Relinking a deleted file

Awesome enough would be if you could "undo" the delete by running some magic option to ln that would let you re-link to the inode number (recovered through lsof).

This awesomeness was introduced to ln in v8.0 (GNU/coreutils) with the -L|--logical option which causes ln to dereference a /proc/<pid>/fd/<handle> first. So a simple

ln -L /proc/<pid>/fd/<handle> /path/to/deleted/file

is enough to relink a deleted file.


It sounds like you already understand a lot, so I won't go into excess detail. There's several methods to find the inode and you can usually cat and redirect STDOUT. You can use debugfs. Run this command within:

ln <$INODE> FILENAME

Make sure you have backups of the filesystem. You'll probably need to run a fsck afterwards. I tested this successfully with an inode still being written to and it does work to create a new hard link to a dereferenced inode.

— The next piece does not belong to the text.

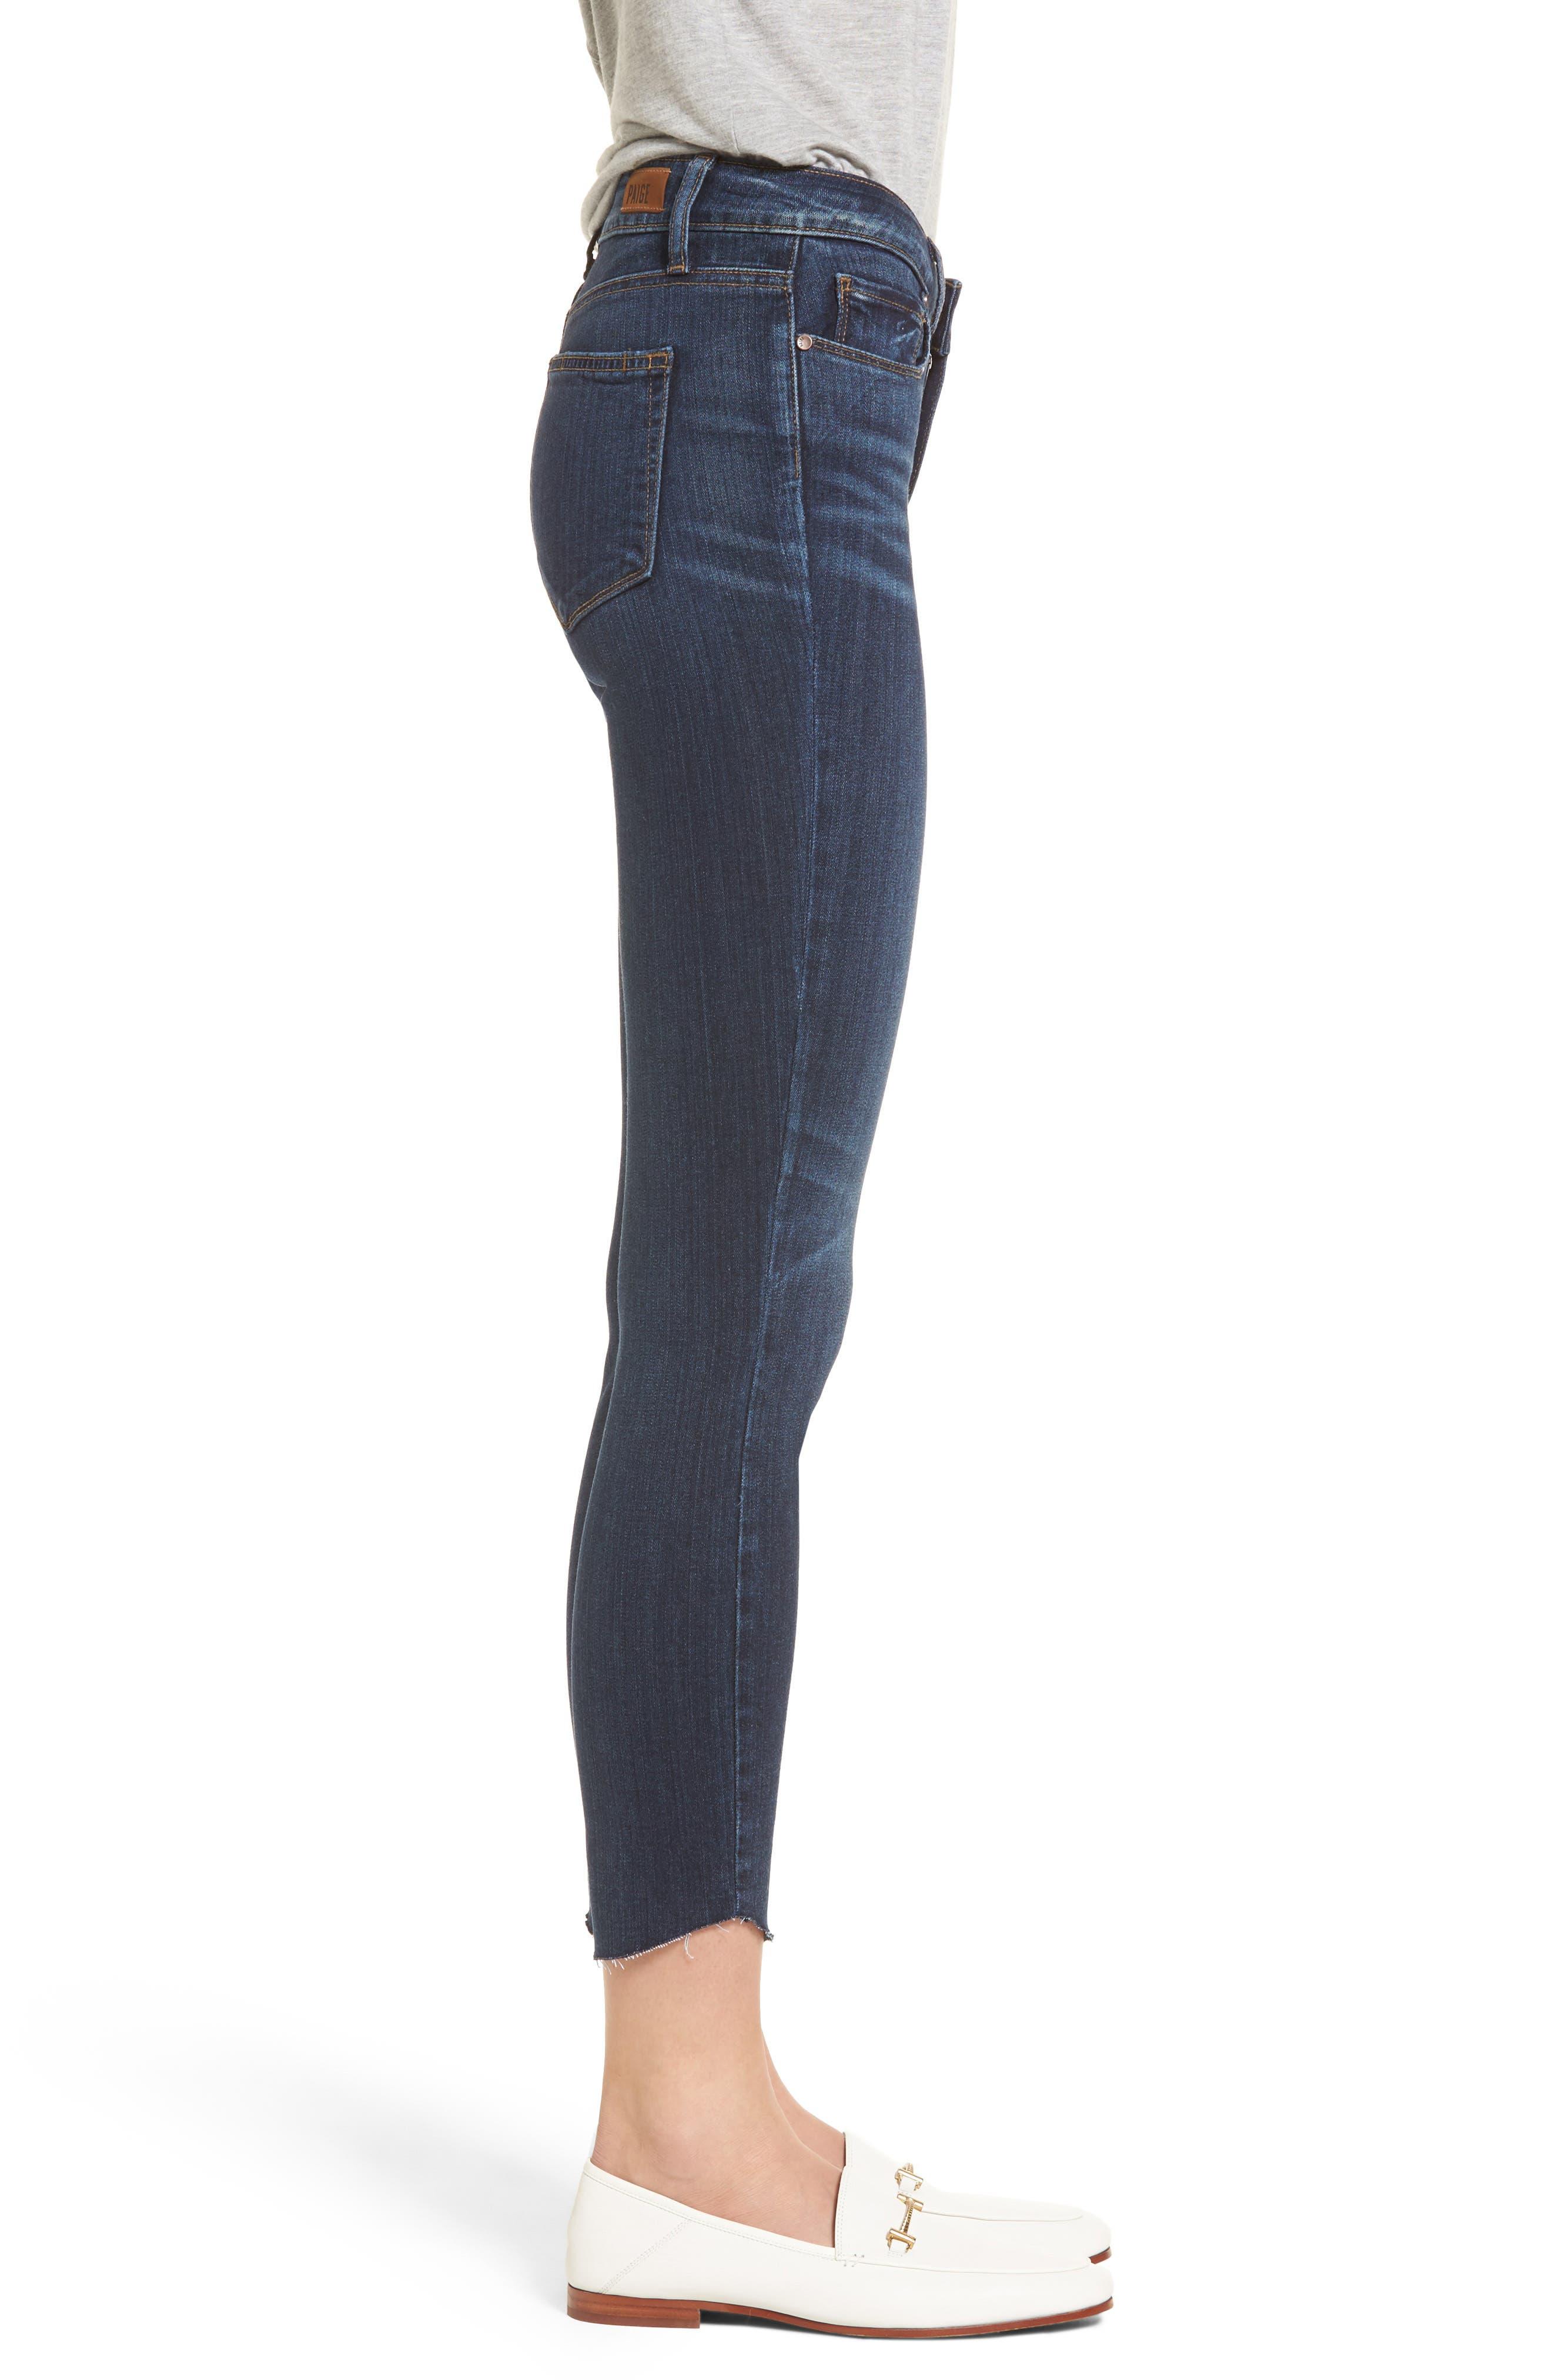 Transcend - Verdugo Ankle Ultra Skinny Jeans,                             Alternate thumbnail 3, color,                             Oaklyn

If the file is unlinked with an unopen file in ext3, the data is lost. I'm not sure how consistently true this is but most of my data recovery experience is with ext2. From the ext3 FAQ:

Q: How can I recover (undelete) deleted files from my ext3 partition? Actually, you can't! This is what one of the developers, Andreas Dilger, said about it:

In order to ensure that ext3 can safely resume an unlink after a crash, it actually zeros out the block pointers in the inode, whereas ext2 just marks these blocks as unused in the block bitmaps and marks the inode as "deleted" and leaves the block pointers alone.

Your only hope is to "grep" for parts of your files that have been deleted and hope for the best.

There's also relevant information in this question:

I overwrote a large file with a blank one on a linux server. Can I recover the existing file?


the debugfs way as you saw doesn't really work and at best your file will be deleted automatically (due to the journal) after reboot and at worst you can trash your filesystem resulting to "reboot cycle of death". The Right Solution (TM) is to perform the undelete in the VFS level (which also has the added benefit of working with practically all current Linux filesystems). The system call way (flink) has been shot down every time it appeared in LKML so the best way is through a module + ioctl.

A project that implements this approach and has reasonably small and clean code is fdlink (https://github.com/pkt/fdlink.git for a version tested with ubuntu maverick's kernel). With it, after you insert the module (sudo insmod flink_dev.ko) you can just do "./flinkapp /proc//fd/X /my/link/path" and it will do exactly what you want.

You can also use a forward-ported version of vfs-undelete.sourceforge.net that also works (and can also automatically relink to the original name), but fdlink's code is simpler and it works just as well, so it is my preference.


I don't know how to do exactly what you want, but what I would do is:

  • Open the file RO from another process
  • Wait for the original process to exit
  • Copy the data from your open FD to a file

Not ideal, obviously, but possible. The other option is to play around with debugfs (using the link command), but that's kind of scary on a production machine!